I was a younger mom. I got pregnant at 24 and gave birth less than a week after my 25th birthday. My son was a beautiful surprise but not part of my meticulously planned 20s. I was overjoyed when he came into this world and haven’t regretted the decision to become a young, single mom once.
It was lonely, though.
Living and working in New York City, very few of my friends had children. Soon after my son was born, I moved in with a single male friend from college to save money, and my mom came to stay with us to help out. I tried to balance all the wants of a 20 something in the Big Apple with the demands of motherhood. I wanted to go to Brooklyn rooftop parties on Saturday and boozy brunches on Sundays with him and his boyfriend. Instead, I usually fell asleep to Daniel Tiger on Saturdays and cleaned blueberries off every surface on Sundays.
Still, I was happy.
Only recently, when a good friend had a son, and we were all trying to meet for Happy Hour, did I realize what I truly missed out on during those years: Compassion. Our group of friends was willing to travel hours if needed to make sure we were close to both work and home for her. We wanted to make sure, as the mom of an infant, that this outing was convenient and allowed her to have fun but get home to baby ASAP.
I didn’t have that.
And, I was jealous. I think I had been for a long time. When we moved to Westchester, a new acquaintance gave birth. Her friends (all moms) organized a potluck delivery service for the first month of motherhood. Everyone picked a day or two that month that they would deliver homemade food. Someone asked if I’d be willing to make something because I love to cook. I said no, lied that I was too busy. Really, I was green with envy. No one did that for me, I thought.
I was wrong.
Of course, when a woman has friends who have had children or has children, they know what to say and do. They understand that you don’t want to be asked out to an open bar (because you can’t afford to spend the next day recovering from that kind of hangover, even if you did get a babysitter). That you’d much rather have friends come over with a bottle of wine and a casserole, so you don’t have to cook the next day.

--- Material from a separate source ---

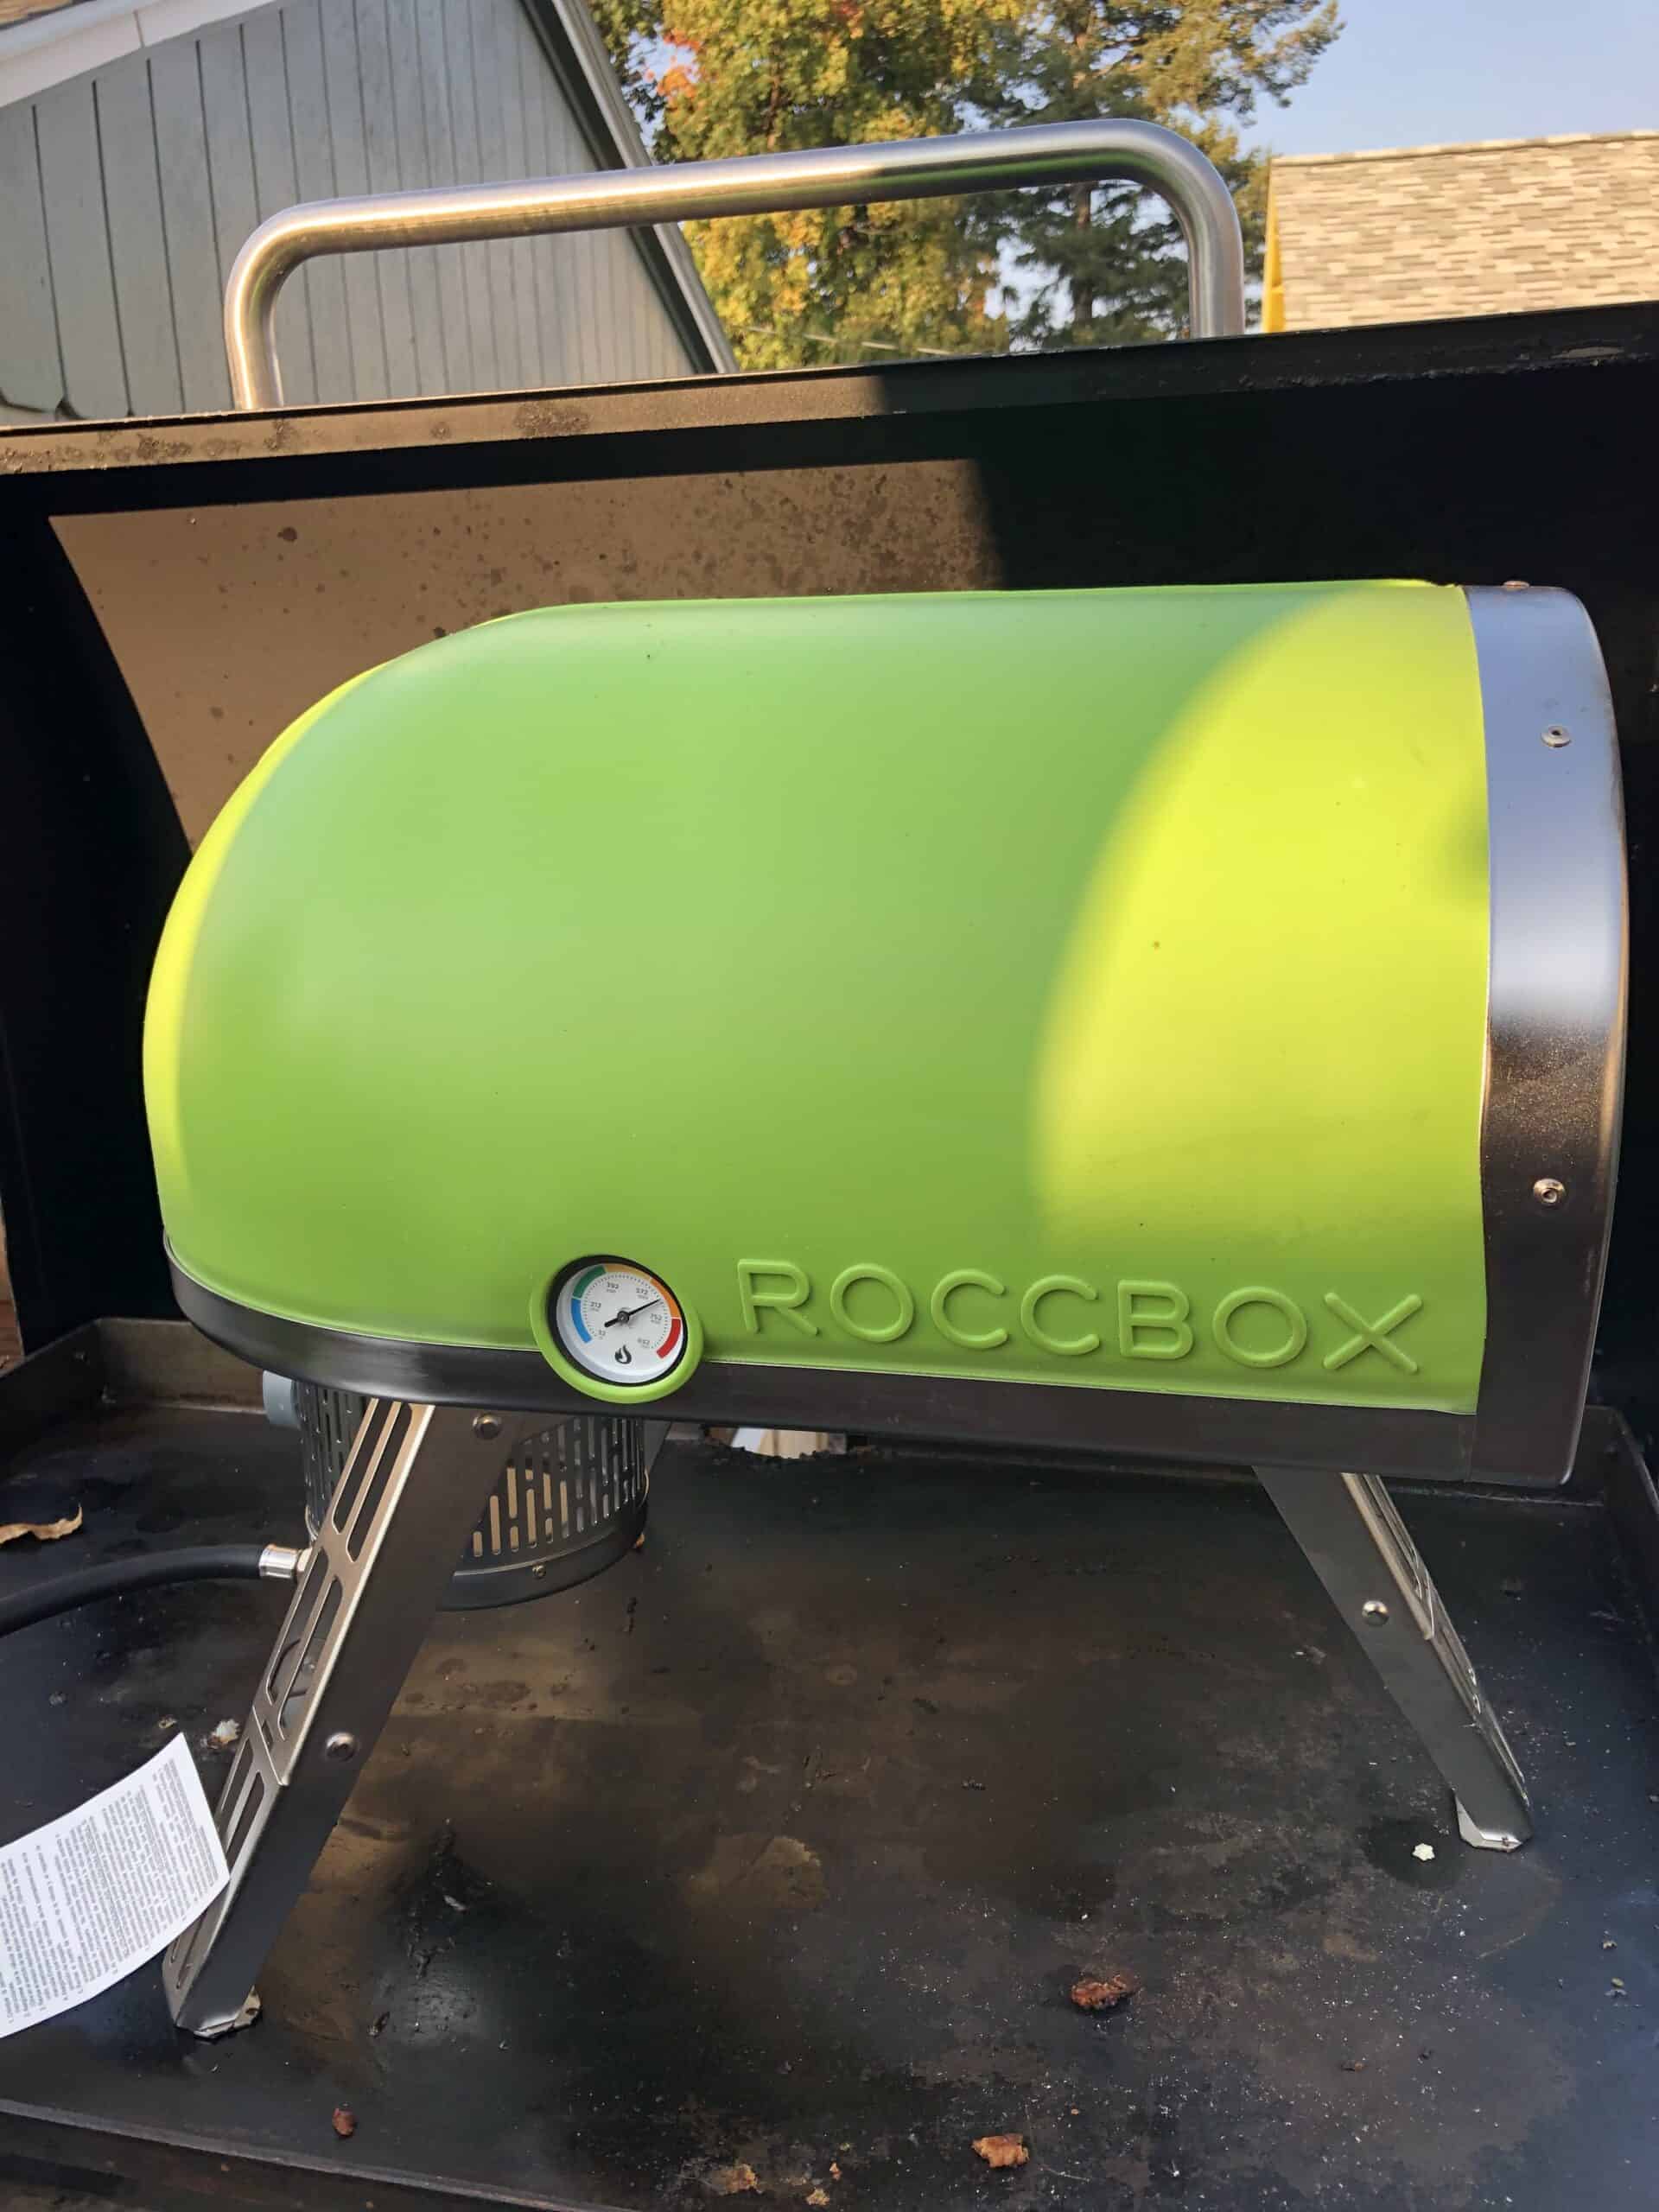 Roccbox pizza oven

My friends didn’t know that.
I can’t hold a grudge because of that. I can only be grateful that they were loving and kind when I had my son. They remained friends even though we had less time together, and I bailed more than once on important events. It wasn’t their fault that they didn’t know what a mother needed – they weren’t moms. And now, as a mother, I know it takes a village to get through it all. They were my village, and I would now be theirs.